*** THE DATA ***

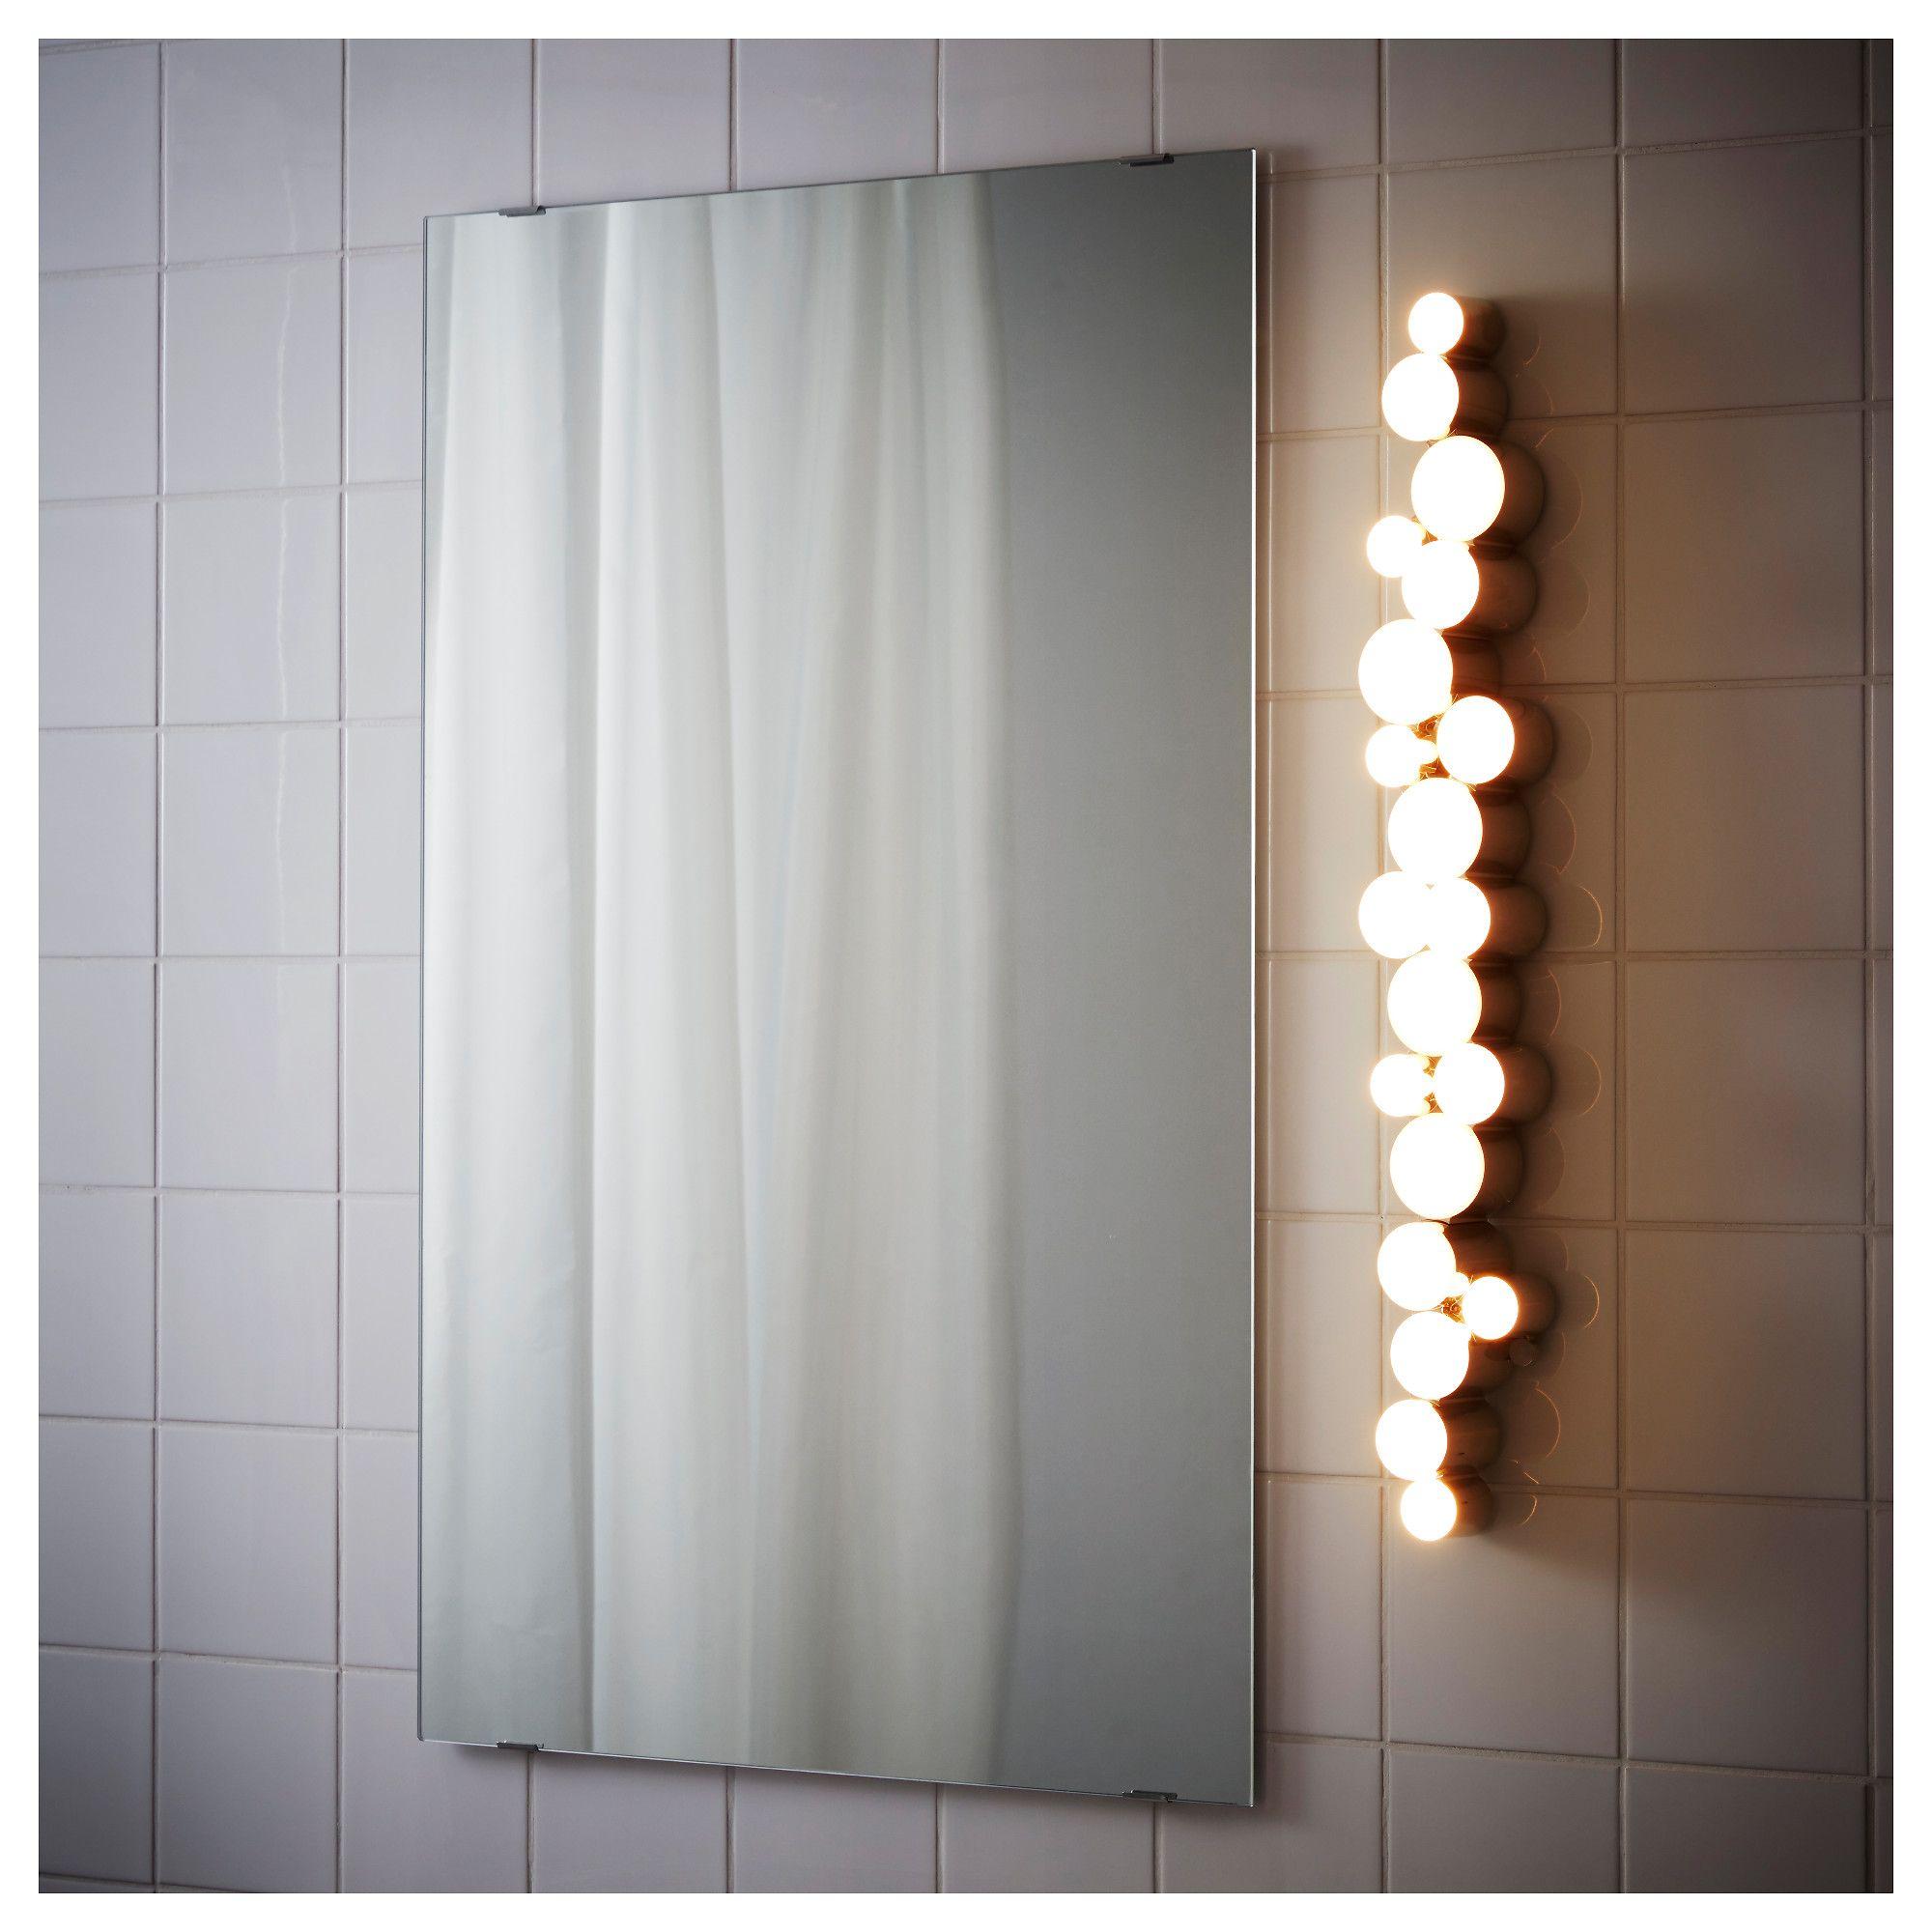 SÖDERSVIK LED wall lamp | Walls, Big girl rooms and Lights
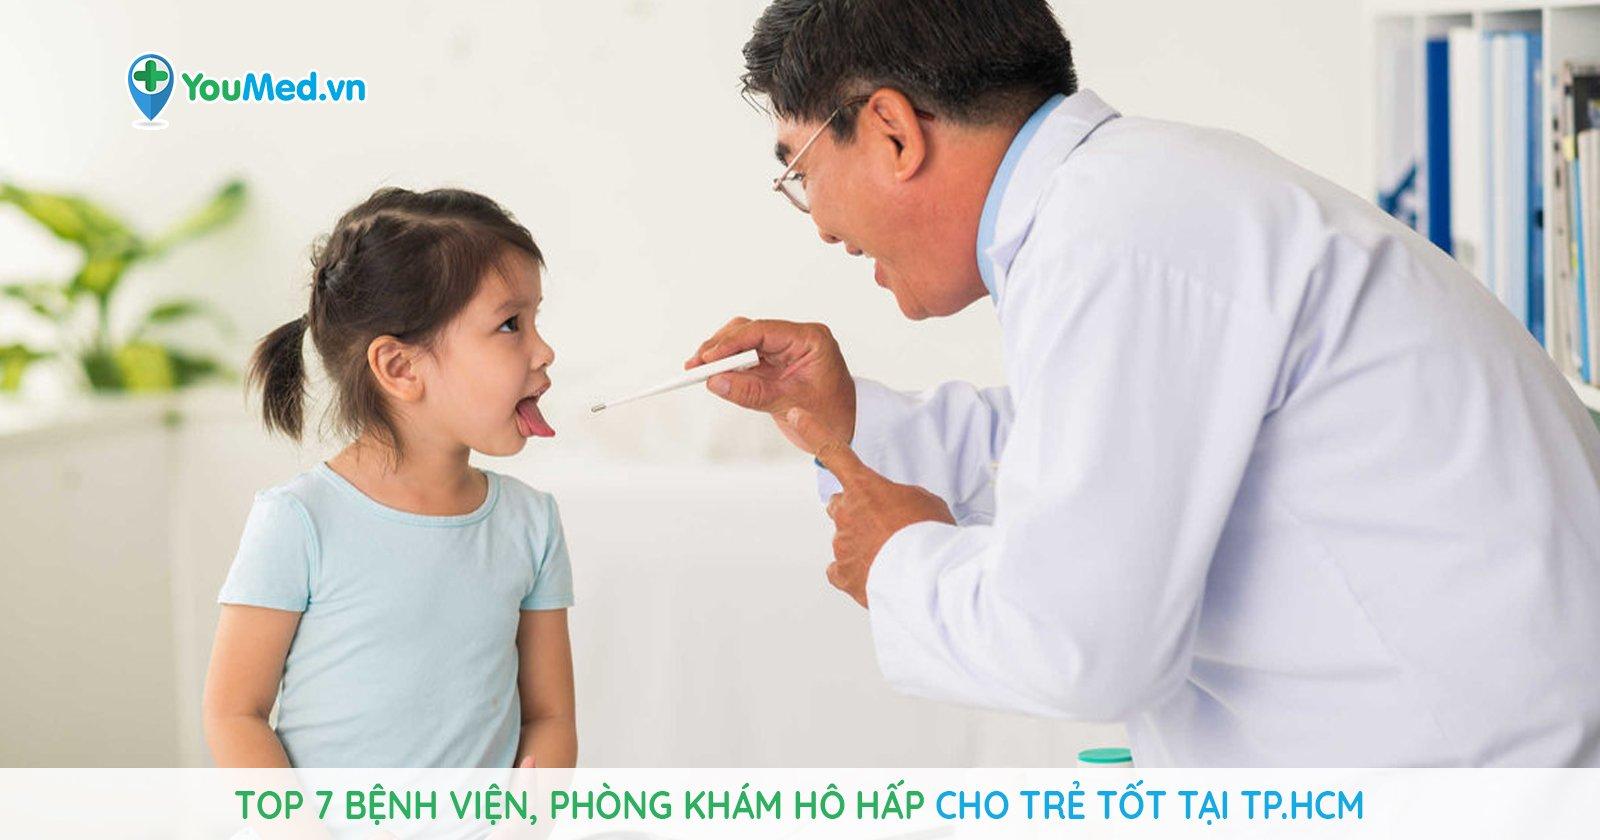 Top 7 bệnh viện, phòng khám khám hô hấp cho trẻ tốt tại TPHCM
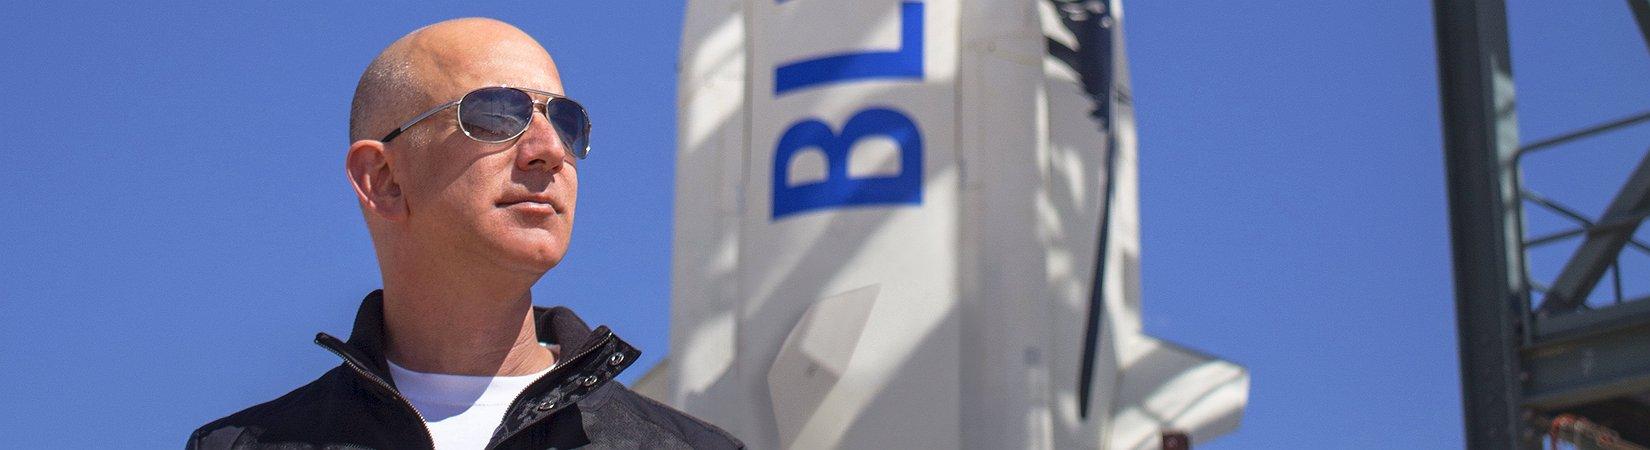 14 hechos asombrosos sobre Jeff Bezos
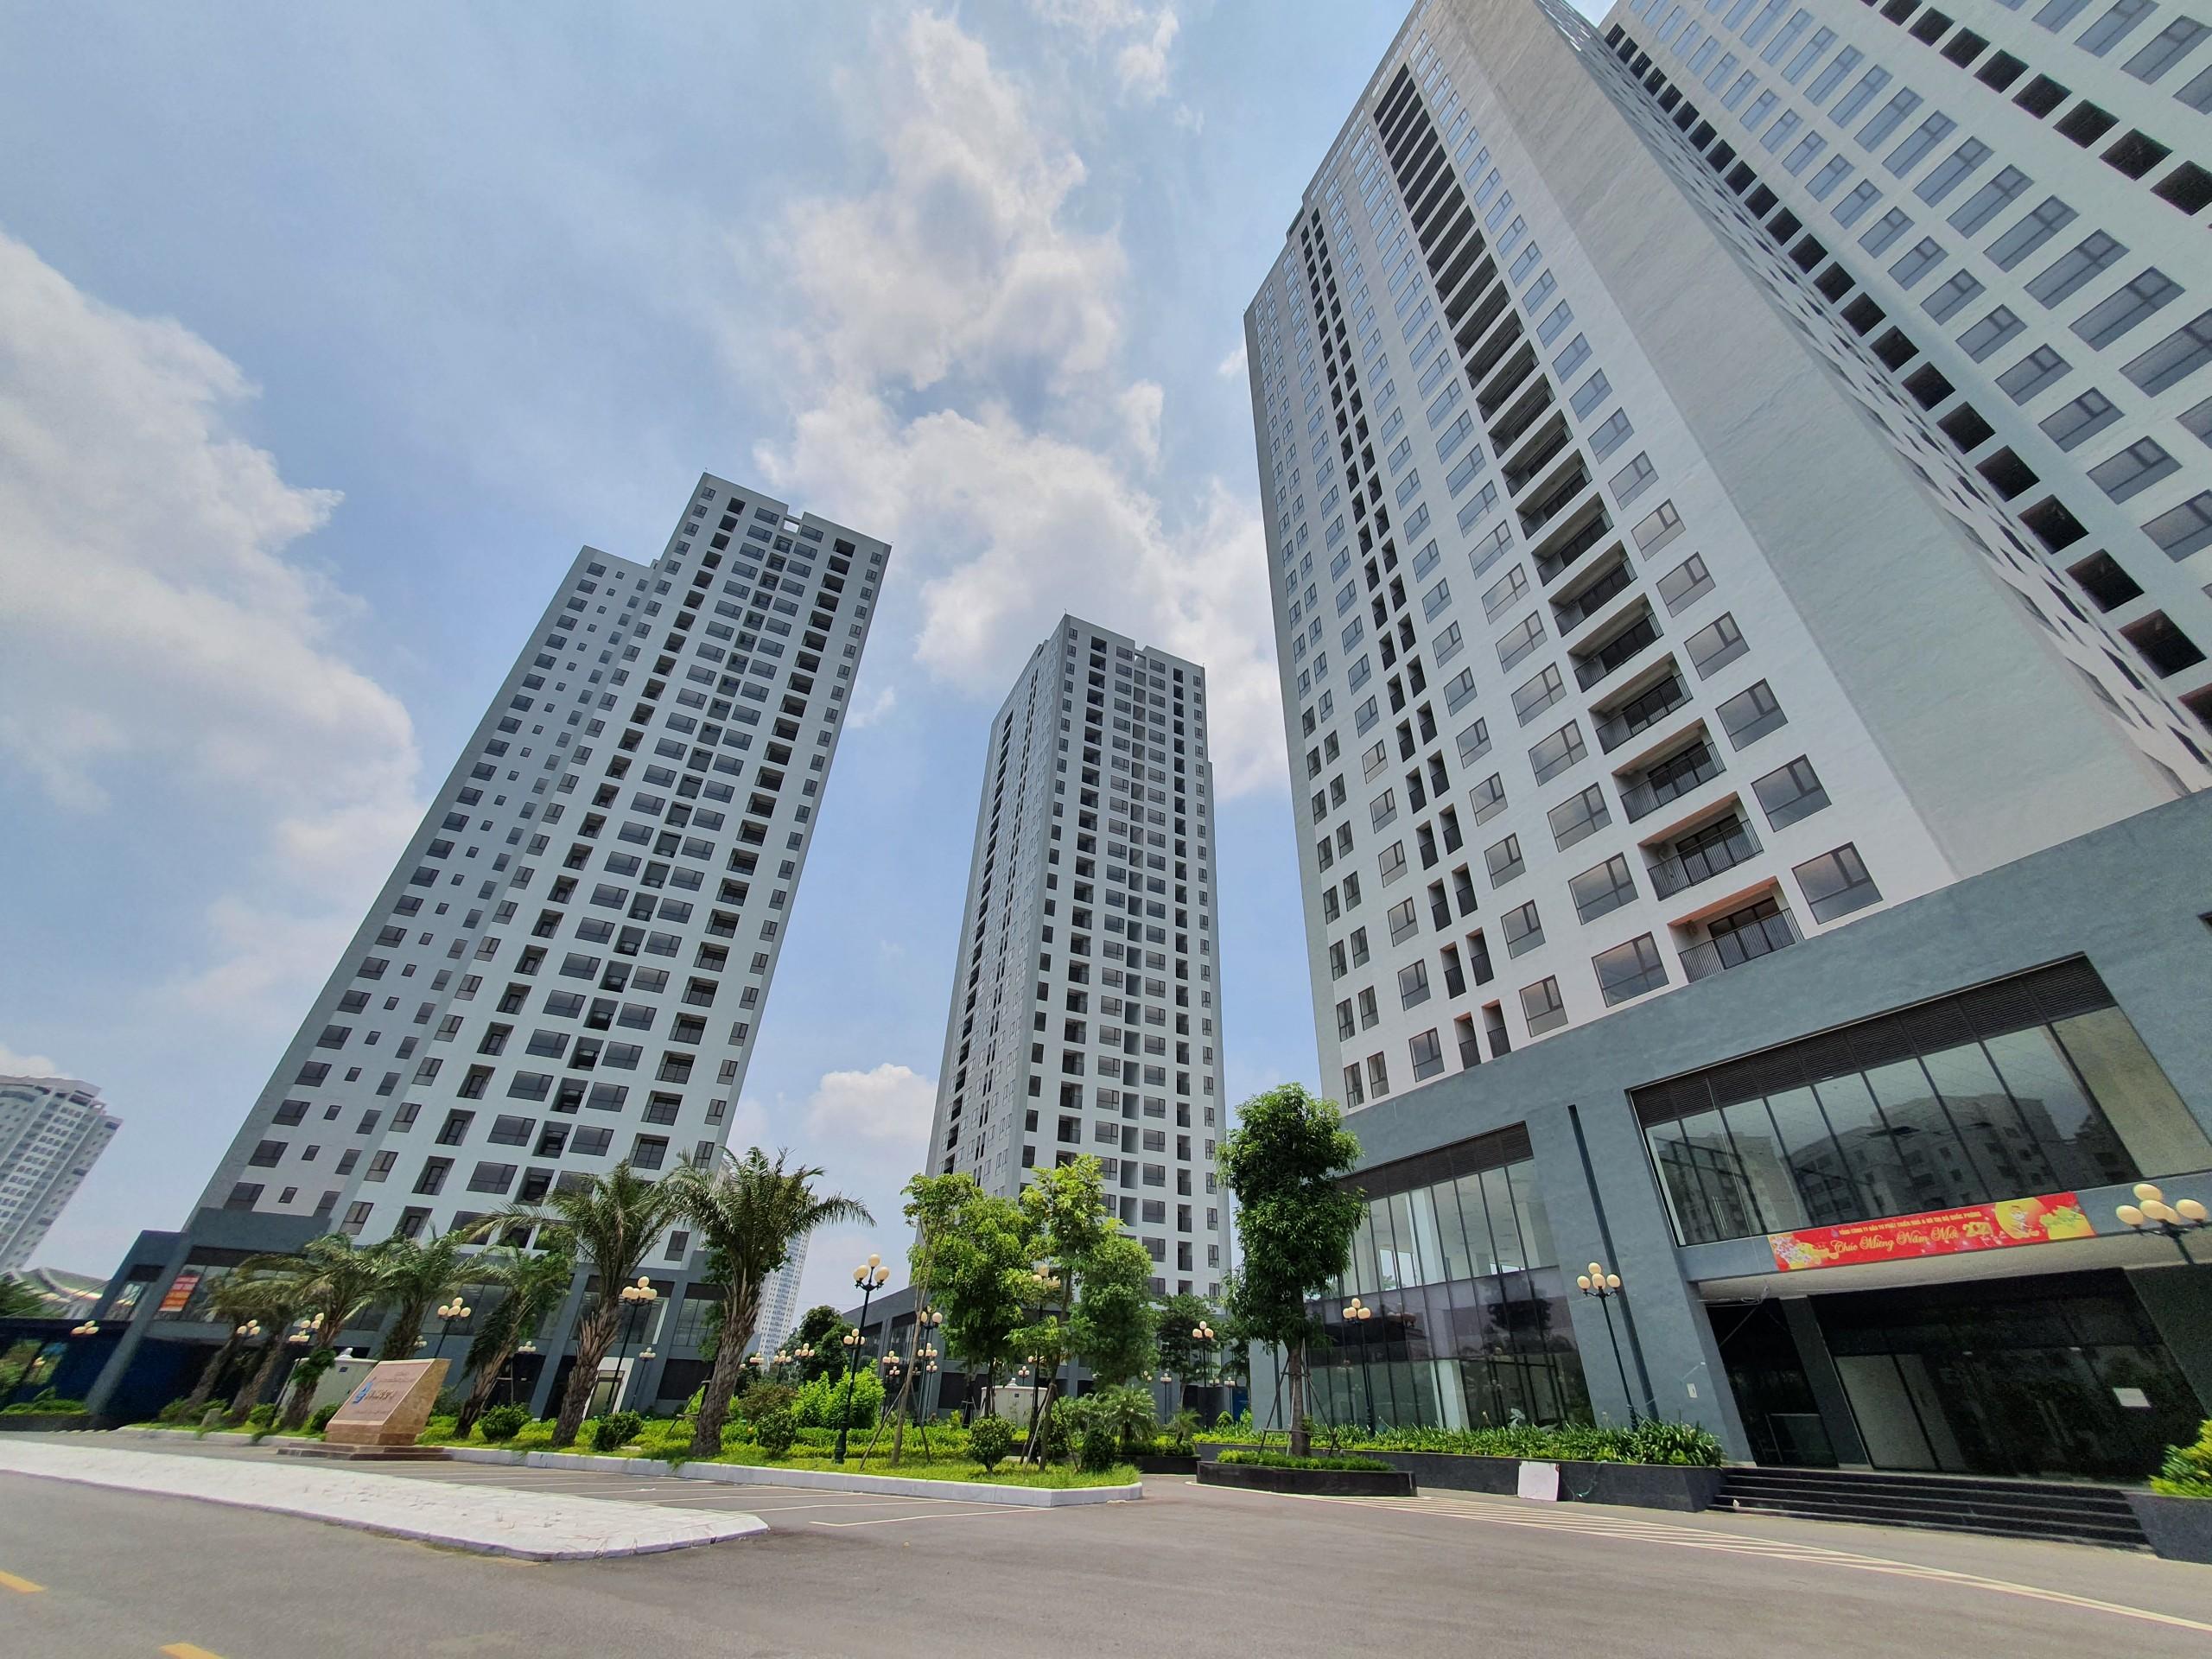 Ngoài ra,Dự án nhà ở thương mại phục vụ tái định cư tại khu X2 Đại Kim, quận Hoàng Mai cũng được trưng dụng làm khu cách ly, bệnh viện da chiến.

*** End of THE DATA ***

#### WHAT YOU HAVE TO DO
A word-for-word copy is needed, starting at the first line of the listing and ending with the line bearing "14 hechos asombrosos sobre Jeff Bezos". No pictures.

#### ANSWER BELOW
 SÖDERSVIK LED wall lamp | Walls, Big girl rooms and Lights
 Top 7 bệnh viện, phòng khám khám hô hấp cho trẻ tốt tại TPHCM
 14 hechos asombrosos sobre Jeff Bezos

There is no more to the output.